*Problem statement:*
Any picture in the material should be left out, while all other lines are copied exactly.

*Data extract:*

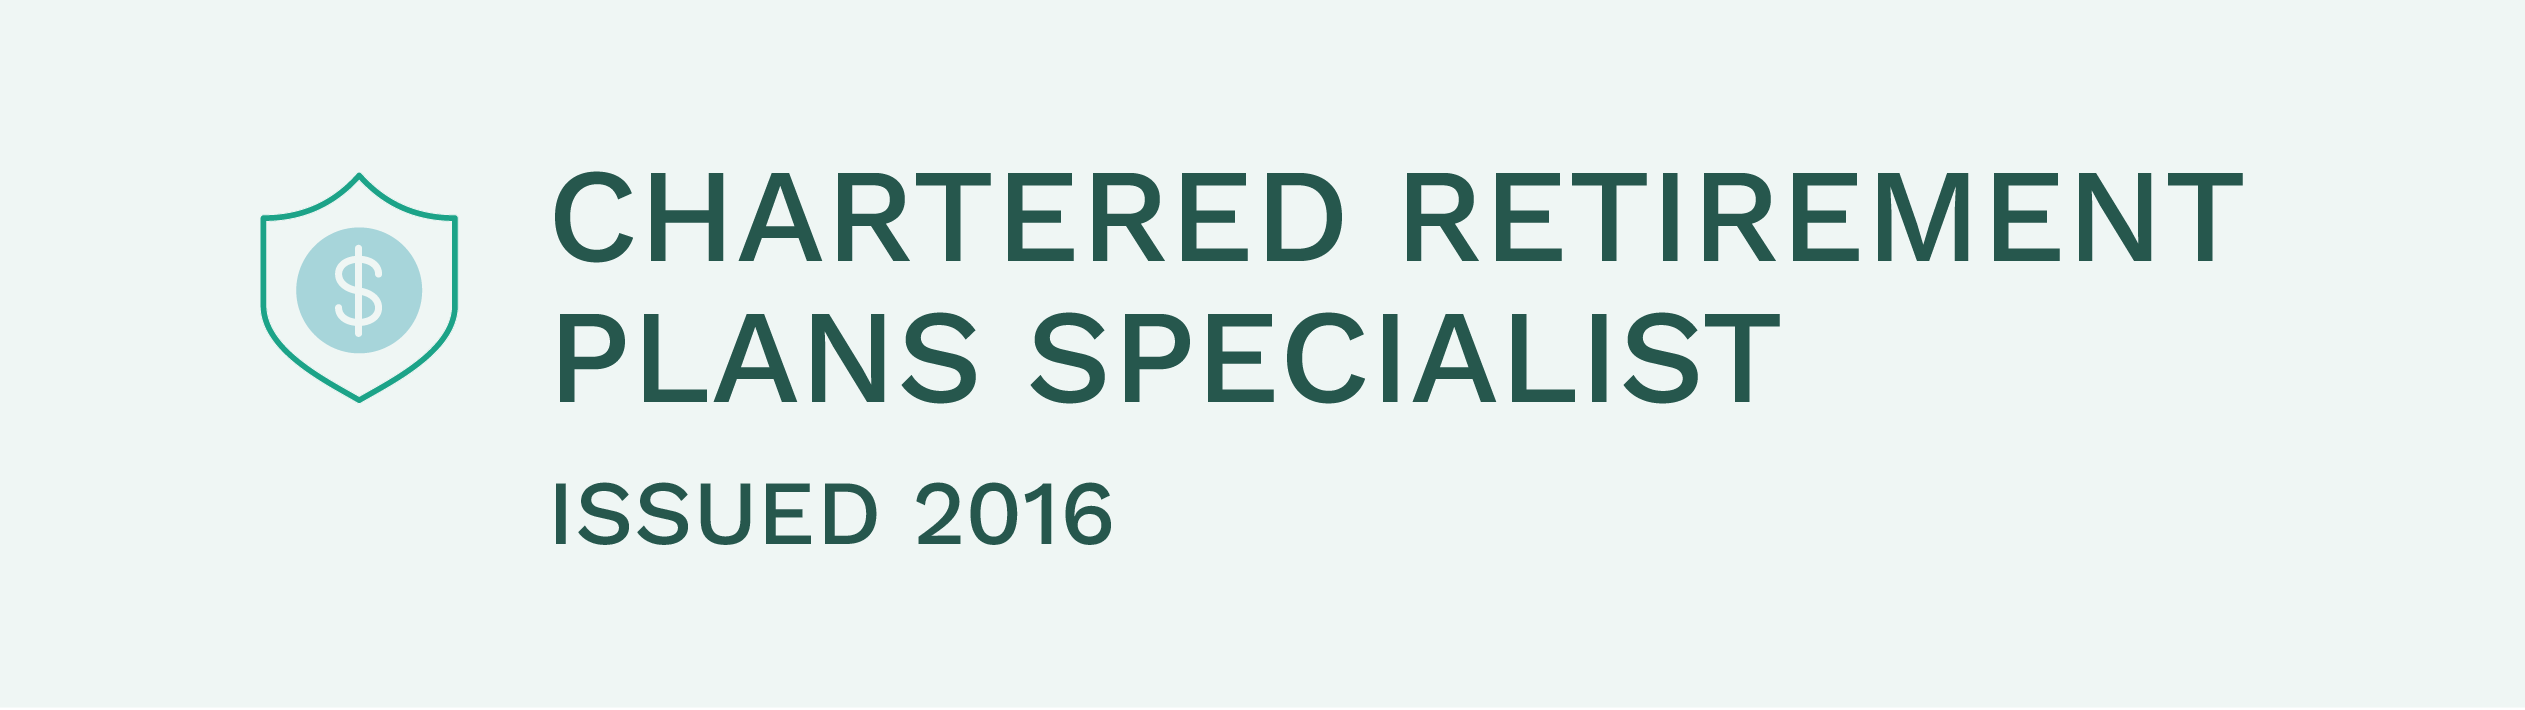 Chartered Retirement Plans Specialist 2016
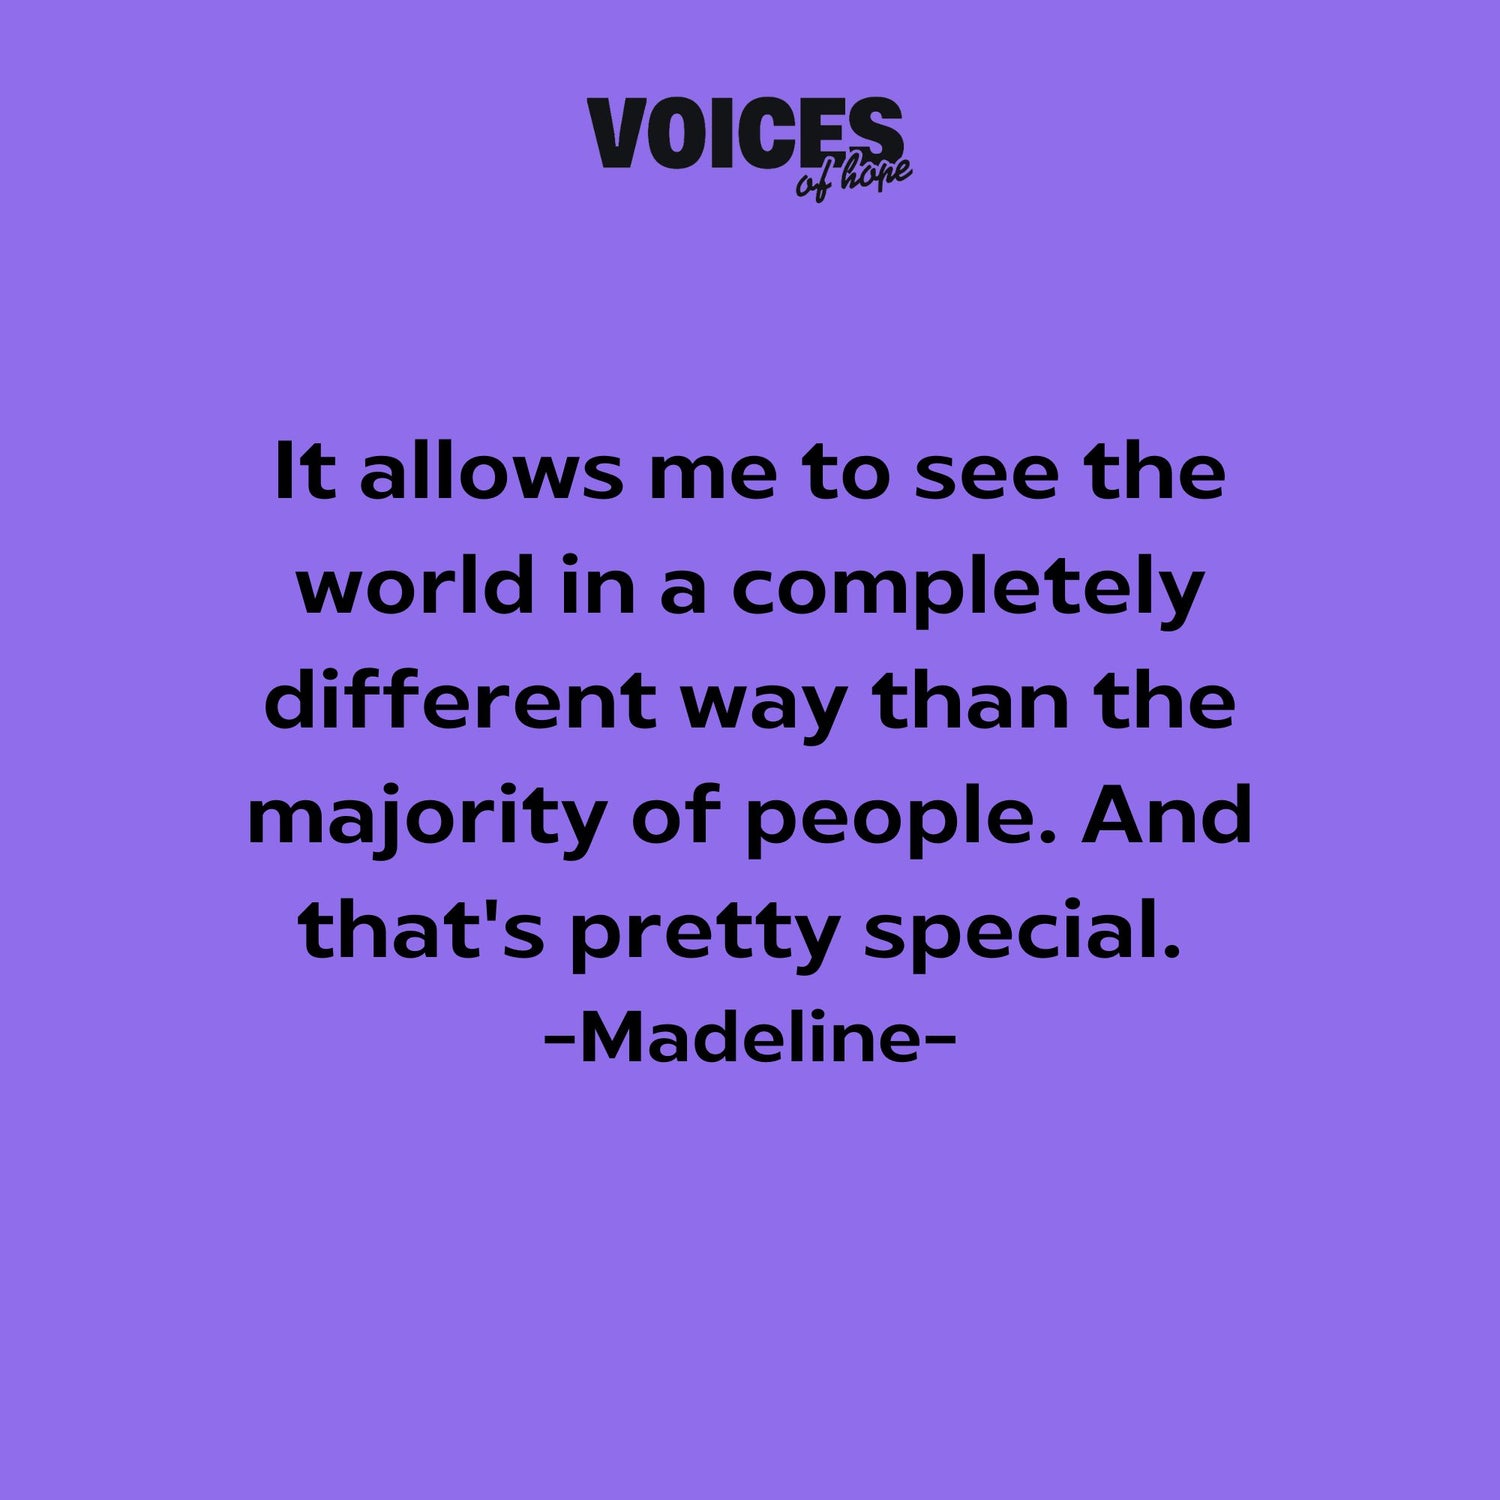 Purple background with black writing that reads: "it allows me to see the world in a completely different way than the majority of people. And that's pretty special. Madeline."
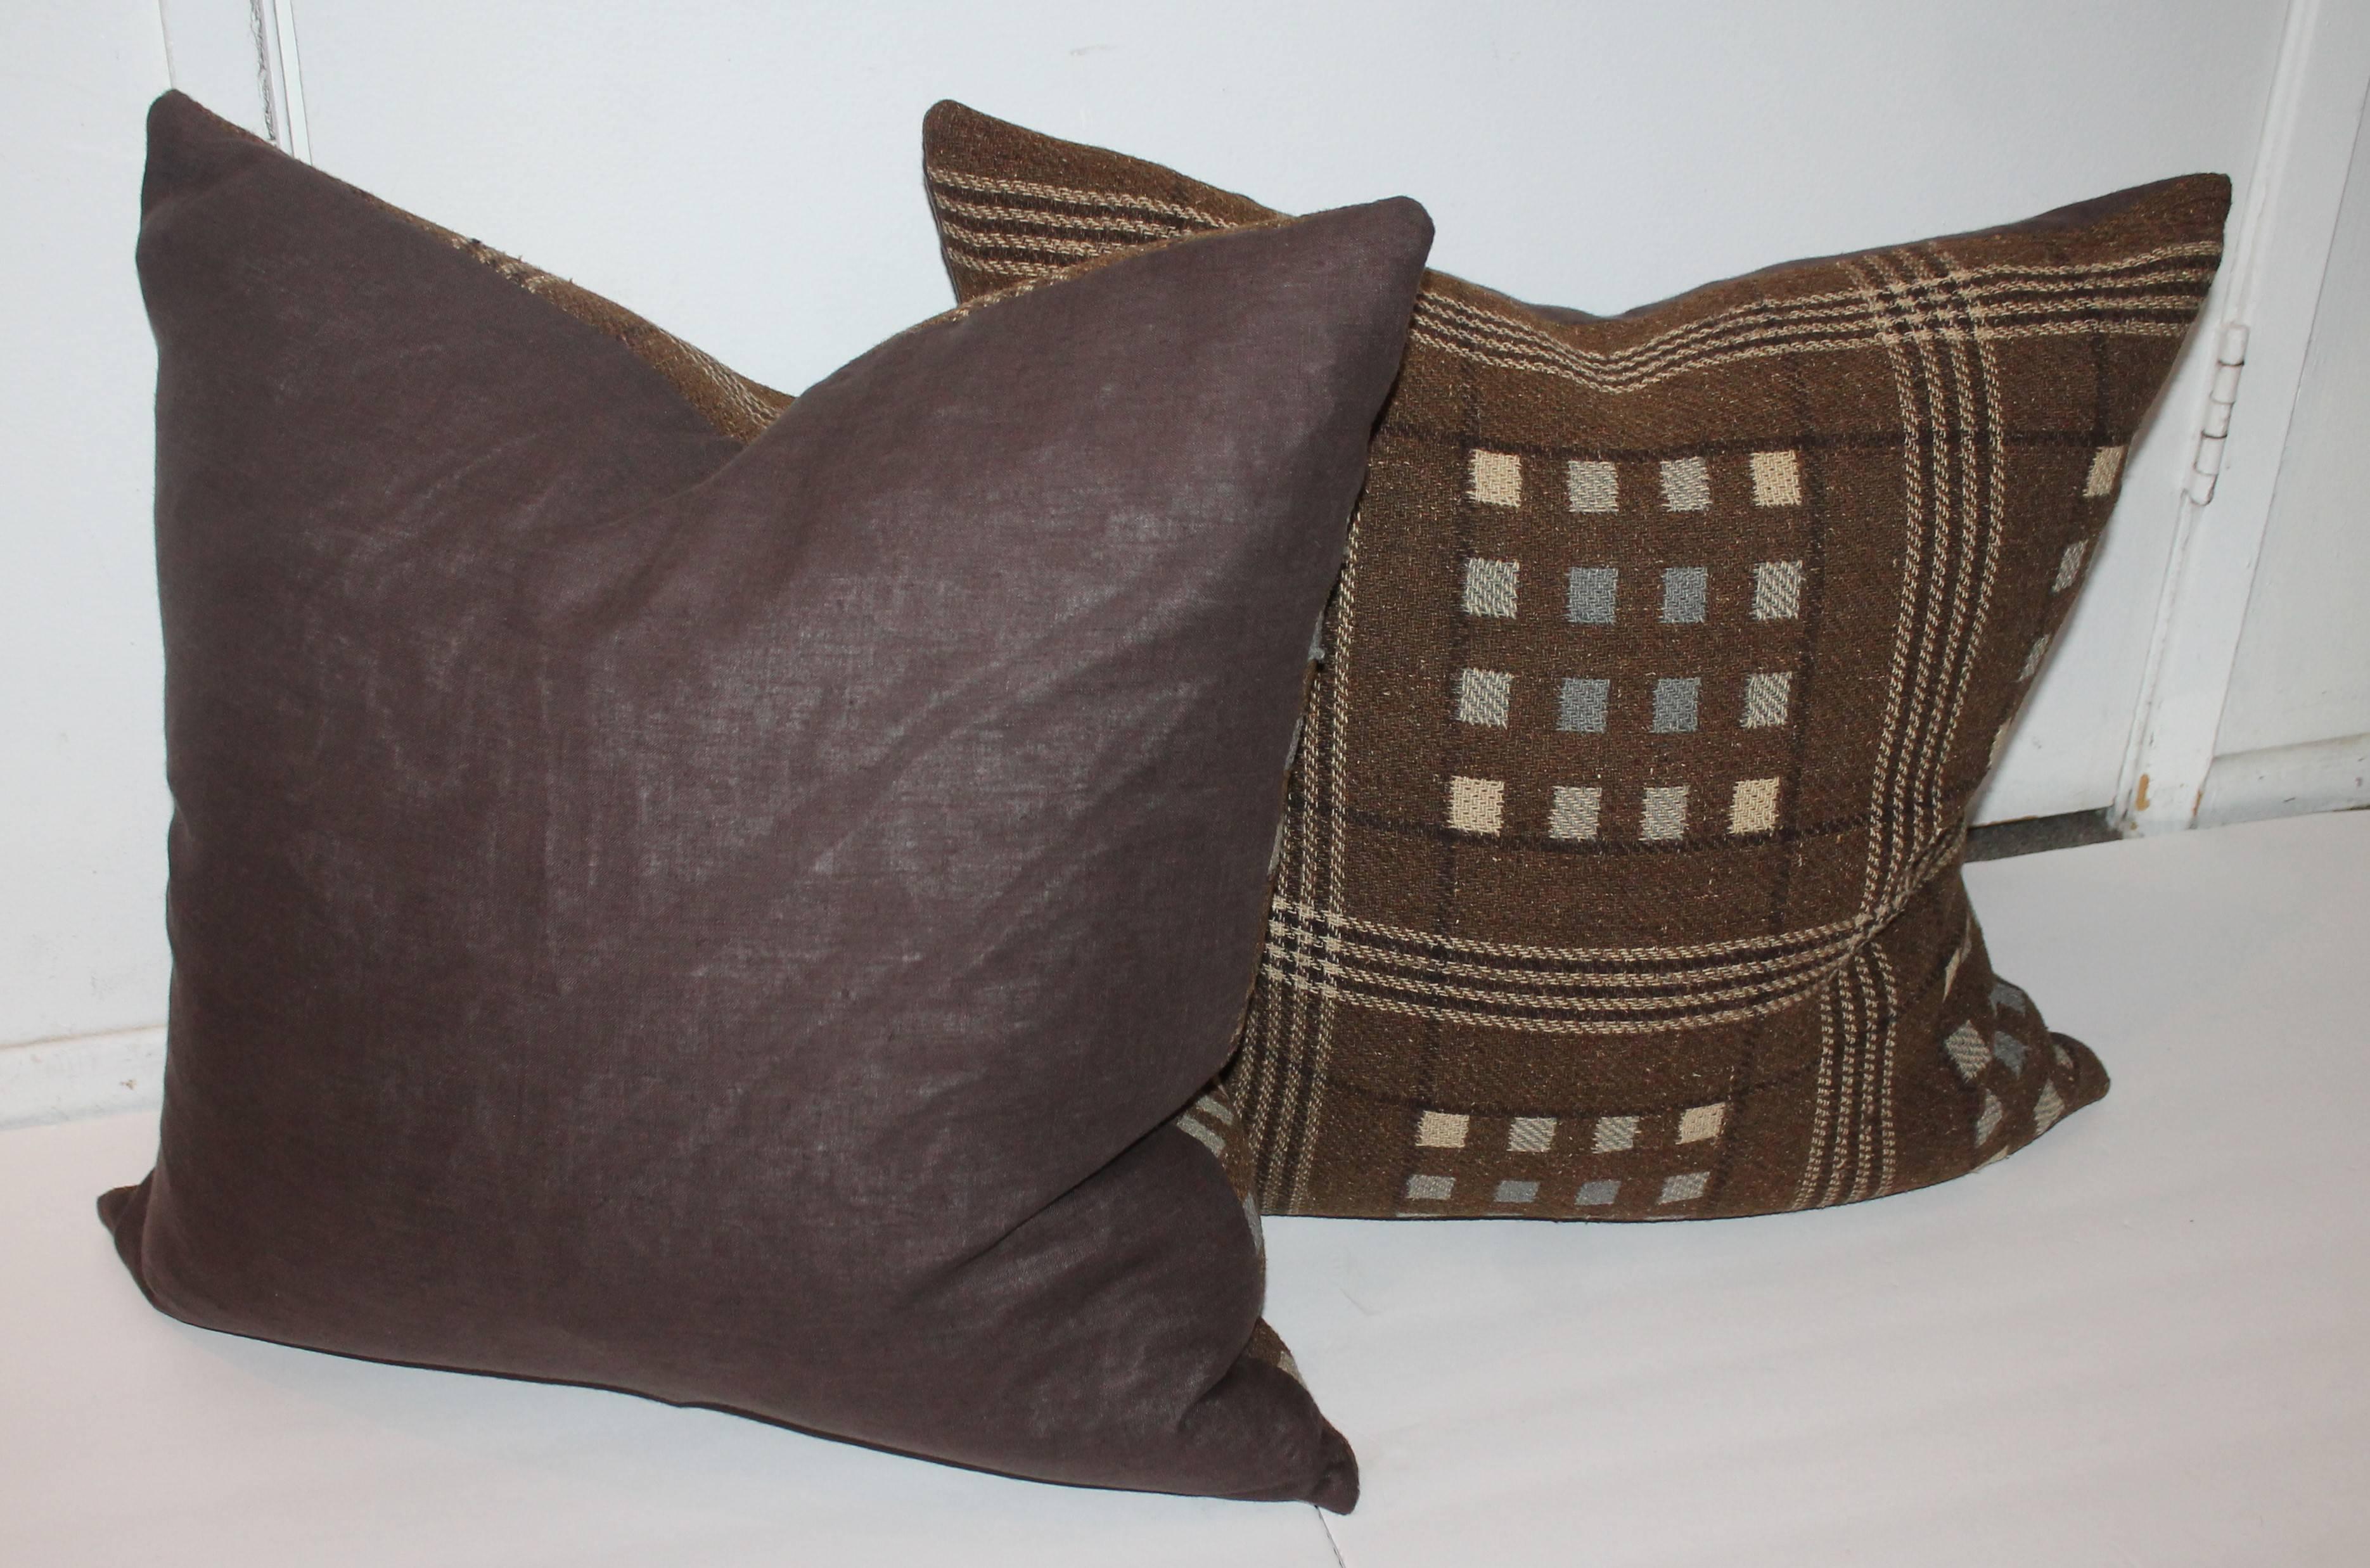 Woven Pair of Horse Blanket Pillows

*Result for this task:*
 Chartered Retirement Plans Specialist 2016
 Purple background with black writing that reads: "it allows me to see the world in a completely different way than the majority of people. And that's pretty special. Madeline."
 Woven Pair of Horse Blanket Pillows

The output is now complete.